DATA SECTION
****************

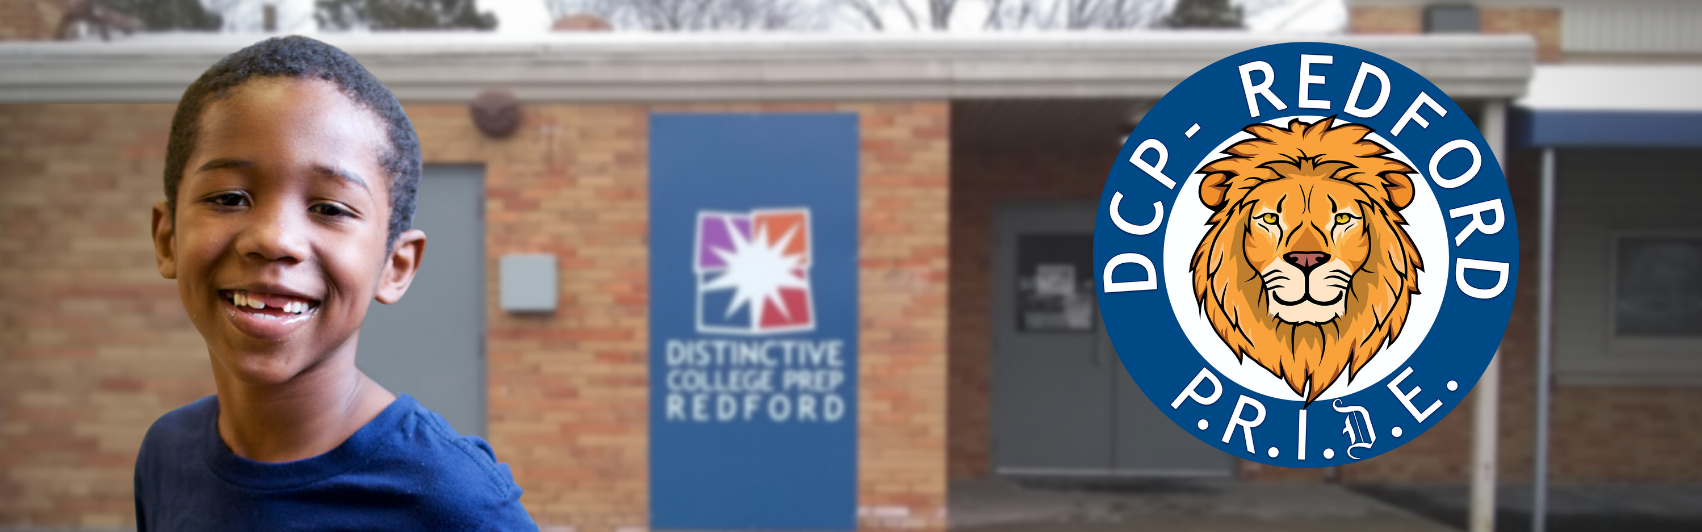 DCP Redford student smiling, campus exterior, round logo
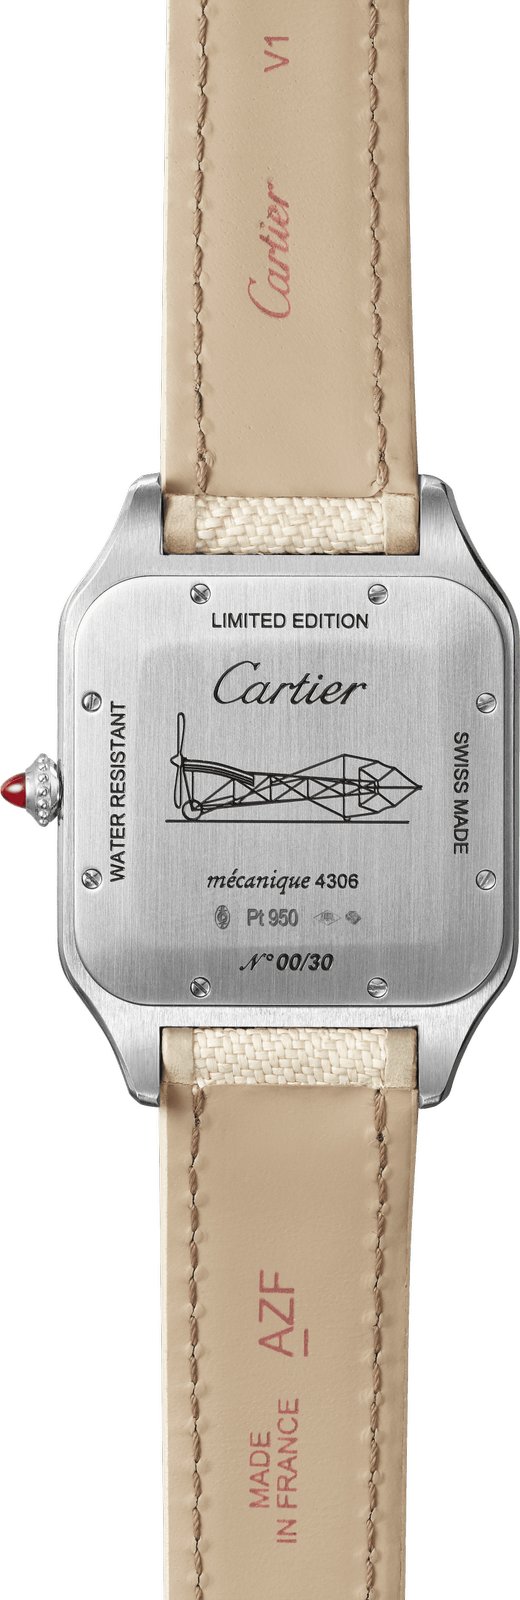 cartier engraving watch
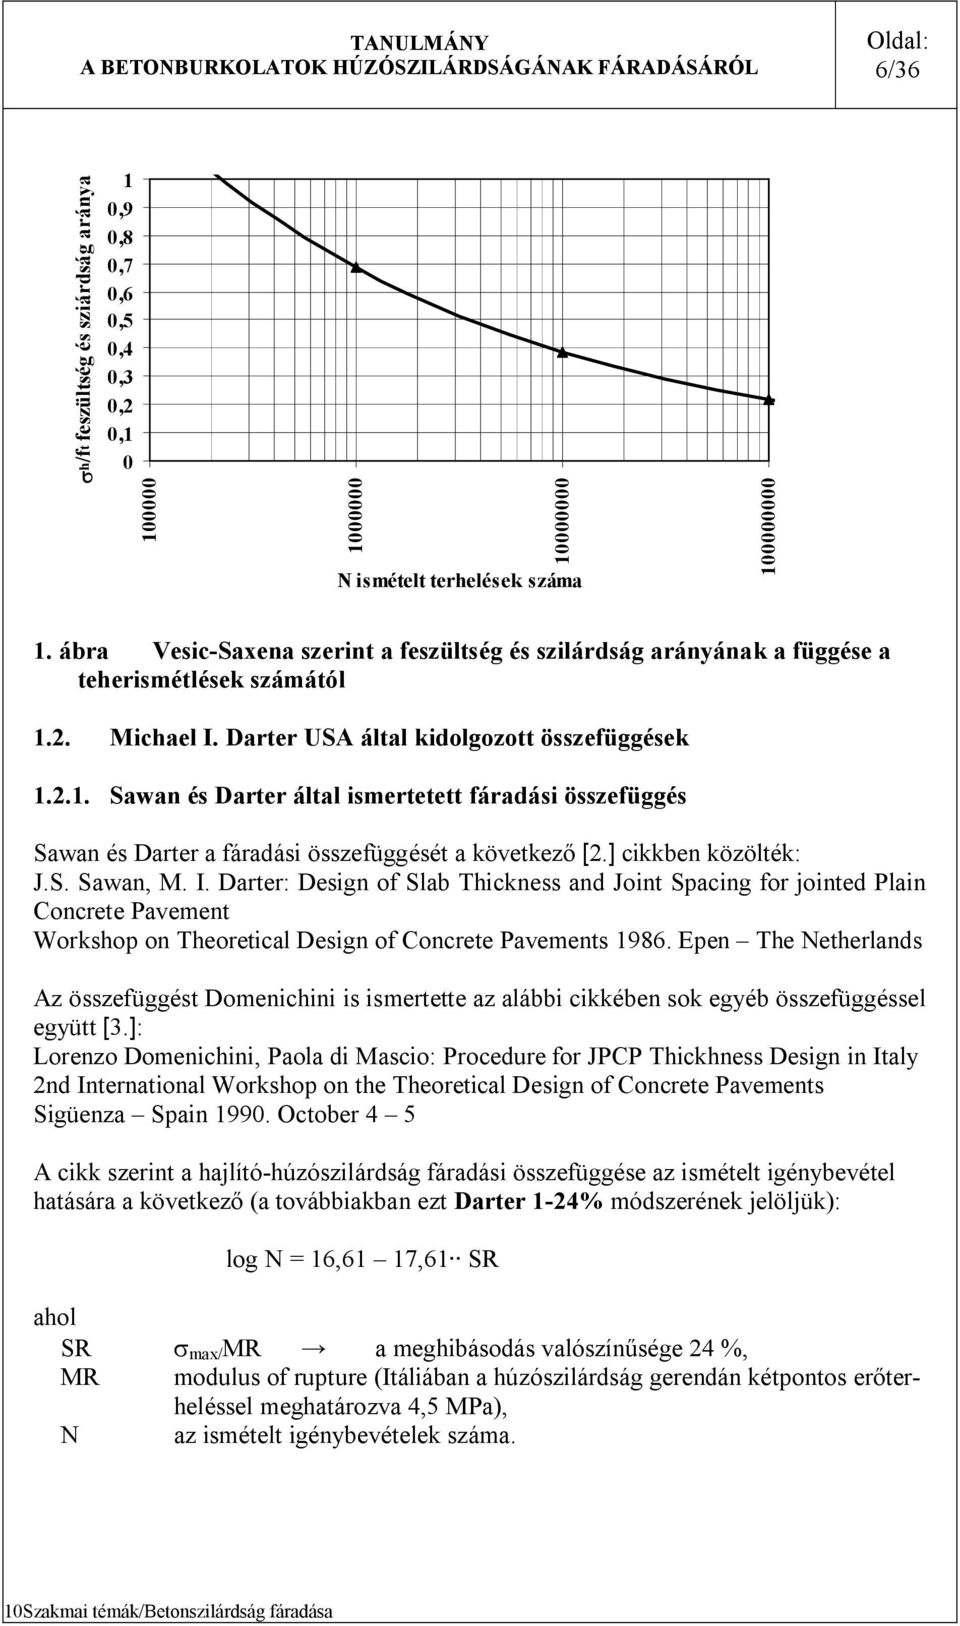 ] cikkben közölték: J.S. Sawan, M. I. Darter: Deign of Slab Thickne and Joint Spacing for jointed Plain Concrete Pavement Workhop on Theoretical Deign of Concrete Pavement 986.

****************

PROMPT
Each line from the one containing "cartier engraving watch" through the last line of the listing must be copied exactly, and the pictures must not be.

ANSWER SPACE
 cartier engraving watch
 ] cikkben közölték: J.S. Sawan, M. I. Darter: Deign of Slab Thickne and Joint Spacing for jointed Plain Concrete Pavement Workhop on Theoretical Deign of Concrete Pavement 986.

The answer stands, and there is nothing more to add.